Paediatrics is the area of medicine that manages medical conditions affecting infants, children and young people.
Nature of the work
It’s a holistic specialty — treatment takes into account symptoms of the disease and other factors (eg mental and social), making it specific for the individual. The aim is to minimise the adverse effects of disease, while allowing children to live as normal a life as possible.
Paediatricians may offer any of these three levels of patient care:
- primary care in the community and general practice settings
- secondary care, perhaps in a hospital setting
- tertiary care, usually in larger district general hospitals and teaching hospitals
“I work in a truly multidisciplinary team to provide the care that is needed”. Anu Raykundalia, Community paediatric specialist registrar, Ealing Hospital NHS Trust.
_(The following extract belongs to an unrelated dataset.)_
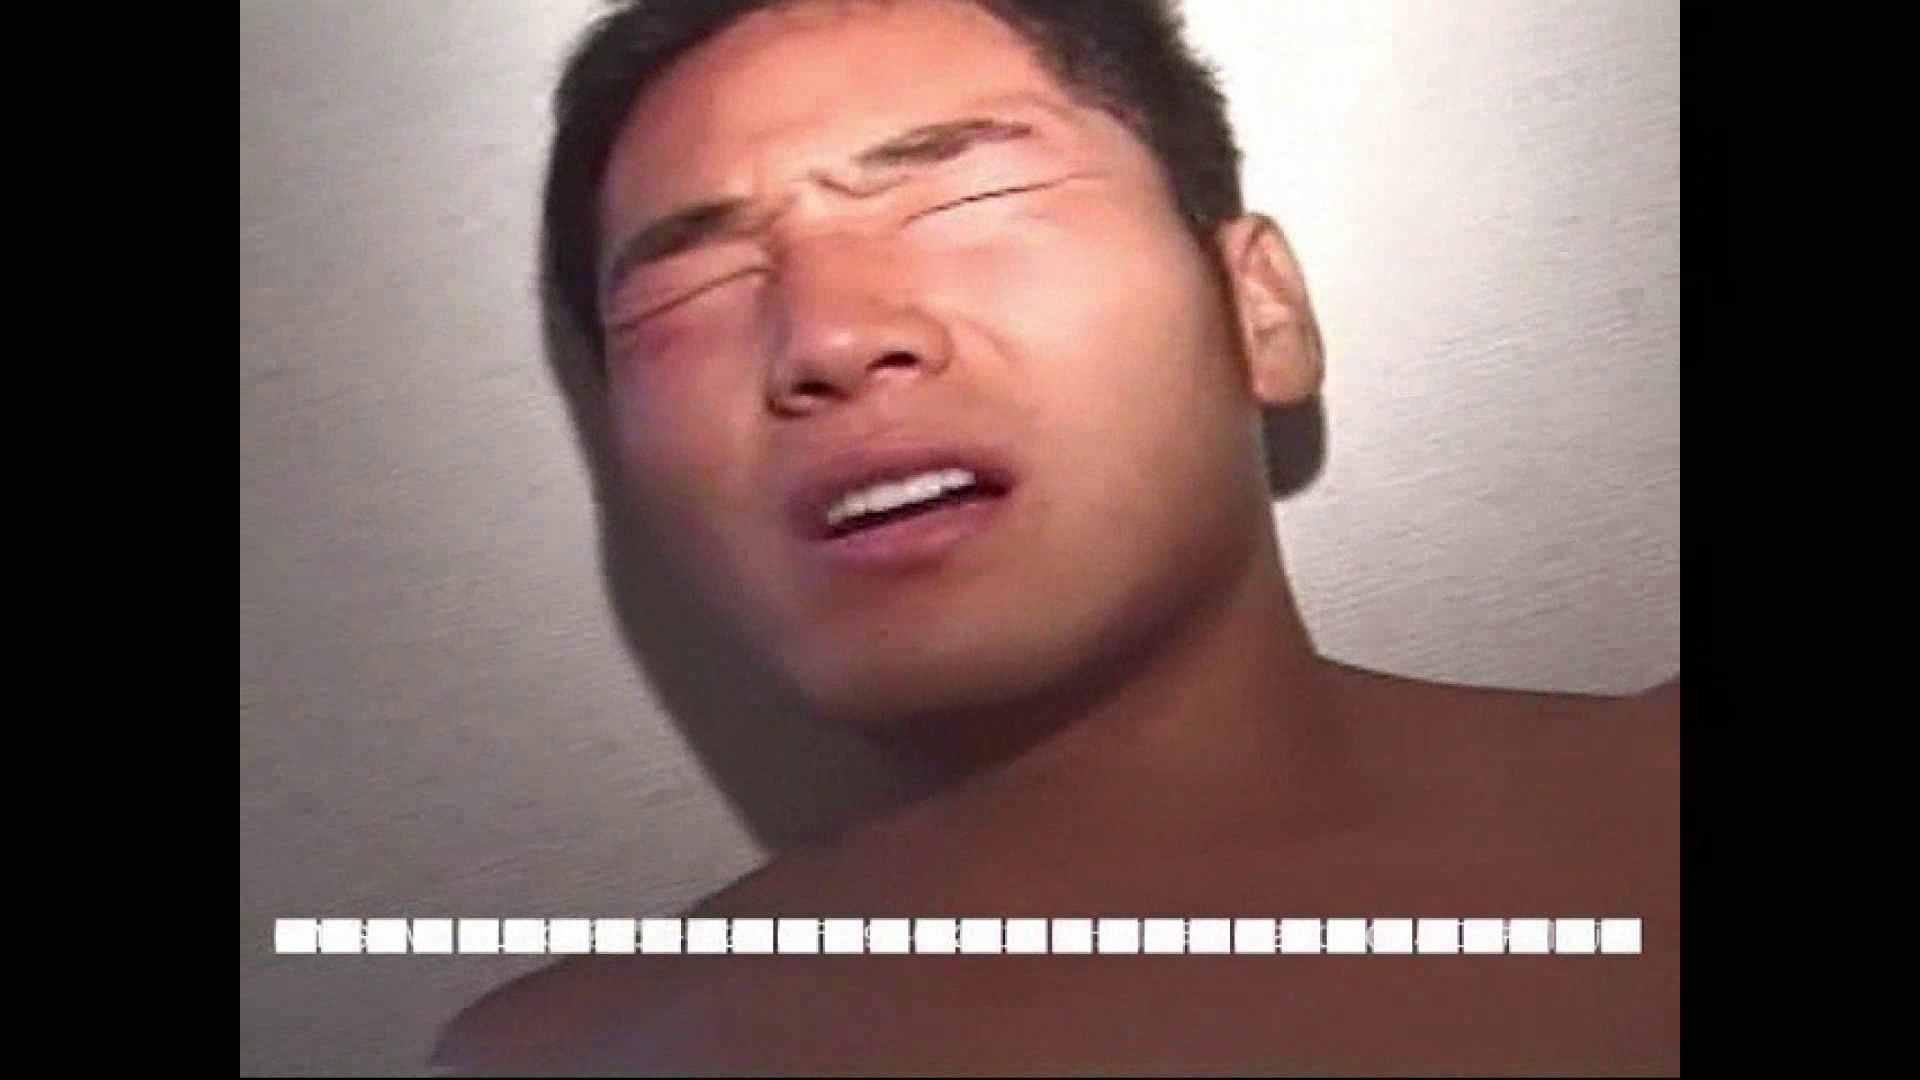 オナれ!集まれ!イケてるメンズ達!!File.08 サル系男子 ゲイSEX画像 71枚 27

General paediatrics remains the bedrock of the service, but there are opportunities to develop close links with other areas of medicine such as primary care, child and adolescent psychiatry and public health. Within paediatrics, specialists may develop skills in a variety of medical fields, including community paediatrics and neonatal intensive care.
It’s a large and diverse field, encompassing everything from high-technology specialties, such as neonatology, to community-based services such as managing care for disabled children.
Paediatrics is forward looking and research frequently leads to impressive and exciting medical discoveries.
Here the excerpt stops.